Baca berita dengan sedikit iklan, klik di sini
Obligasi? Tunggu dulu. Program ini butuh dana besar. Dengan taksiran kasar kredit macet 50 persen, pemerintah memerlukan sedikitnya Rp 240 triliun untuk injeksi modal perbankan. Anggap saja yang Rp 140 triliun berasal dari bantuan likuiditas Bank Indonesia (BLBI) yang sudah kadung dikucurkan. Masih ada Rp 100 triliun yang mesti dicari.
Jumlah segede itu, siapa pun tahu, tak mudah didapat, dengan obligasi pemerintah sekalipun. Di mata investor asing, nama Indonesia sudah bonyok. Pengadilan niaga kita baru saja mencederai kepercayaan kreditur asing dengan menolak sebuah petisi bangkrut. Kita juga baru saja mengantre di Paris Club, meminta penjadwalan pembayaran utang. Proses penjadwalan itu sendiri pernah selip sehingga sebuah bank besar di Prancis merasa dikemplang tanpa pemberitahuan.
Ringkasnya, tingkat risiko negeri ini sudah begitu tinggi. Lembaga-lembaga pemeringkat internasional menempatkan Indonesia hanya beberapa strip menjelang default, hampir bangkrut. Surat utang yang ditebitkan negara ini masuk dalam kelas non-investment grade hampir menjadi junk bond, semacam "kertas rombengan" tak berharga. Lembaga dana pensiun dan yayasan hari tua di Amerika Serikat dilarang membeli surat utang pemerintah RI yang berdenominasi dolar.
Kalaupun ada pembeli, itu datang dari para pengadu untung yang gemar menempuh risiko. Untuk menarik minat mereka, kupon (suku bunga) obligasi harus tinggi. Lin Che Wei menaksir, obligasi Indonesia bisa terjual jika bunganya 22 persen. Kecil? Ingat, ini dalam hitungan dolar. Jika dihitung pakai rate rupiah, dengan patokan nilai swap 55 persen, bunga yang ditanggung pemerintah bisa mencapai 77 persen. Alamak!
Dijual di dalam negeri? Sami mawon. Likuiditas begitu terjepit. Bunga juga lagi galak. Belum lagi soal kepercayaan publik terhadap pemerintah. Tampaknya, kalaupun masih ada yang mau memborong, pembelinya adalah para beking Indonesia. Kalau bukan Dana Moneter Internasional (IMF), ya, Bank Dunia.

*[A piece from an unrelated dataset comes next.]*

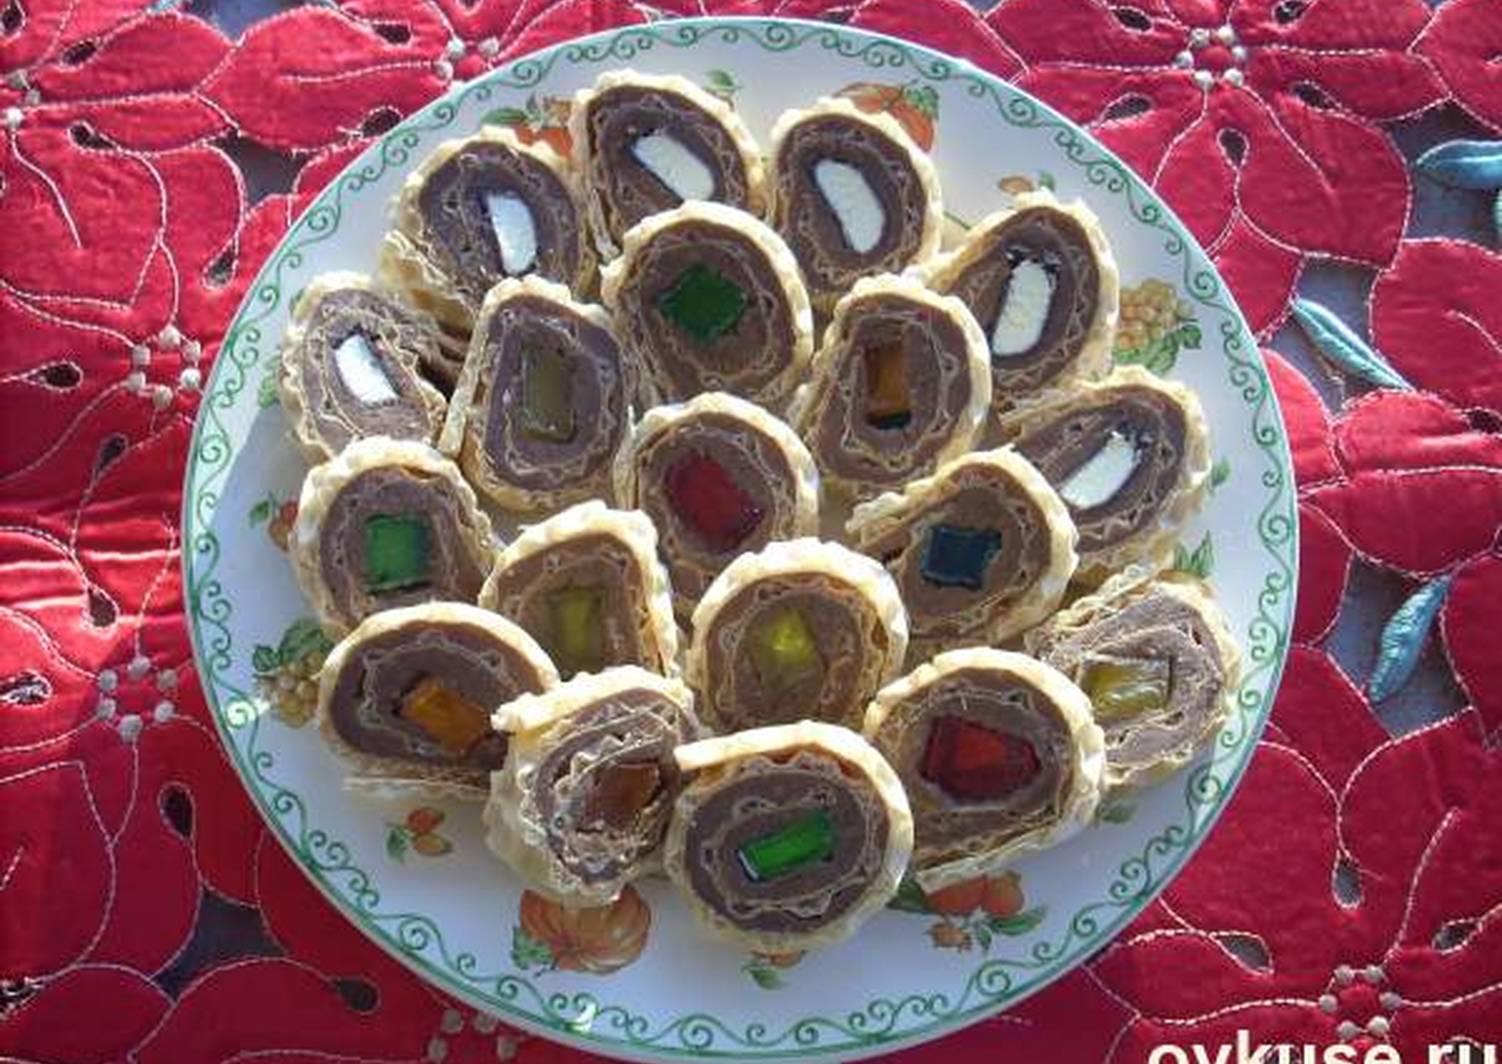 киргизки тоже вафельные рулетики рецепт с фото этом важно помнить

Atau, mungkin saja, "obligasi" ini cuma akal-akalan. Surat utang ini bisa saja diborong oleh Bank Indonesia (BI) dengan mencetak uang. Ini persis seperti dulu, ketika dana bantuan likuiditas BI tiba-tiba membengkak luar biasa. Ketika itu, Menteri Keuangan bilang sumber dana BLBI berasal dari obligasi pemerintah senilai Rp 80 triliun yang habis dibeli oleh bank sentral. Nah, ketika bantuan likuiditas akhirnya membengkak sampai Rp 140 triliun lebih, saat ini, "obligasi pemerintah" tadi tak terdengar lagi kabar beritanya...
Atau, boleh jadi juga kesulitan skenario pendanaan ini menjadi sinyal bahwa program rekapitalisasi bank tak akan menghabiskan banyak uang. Maksudnya, cuma sedikit bank yang masih memenuhi syarat untuk disehatkan. Selebihnya, apa boleh buat....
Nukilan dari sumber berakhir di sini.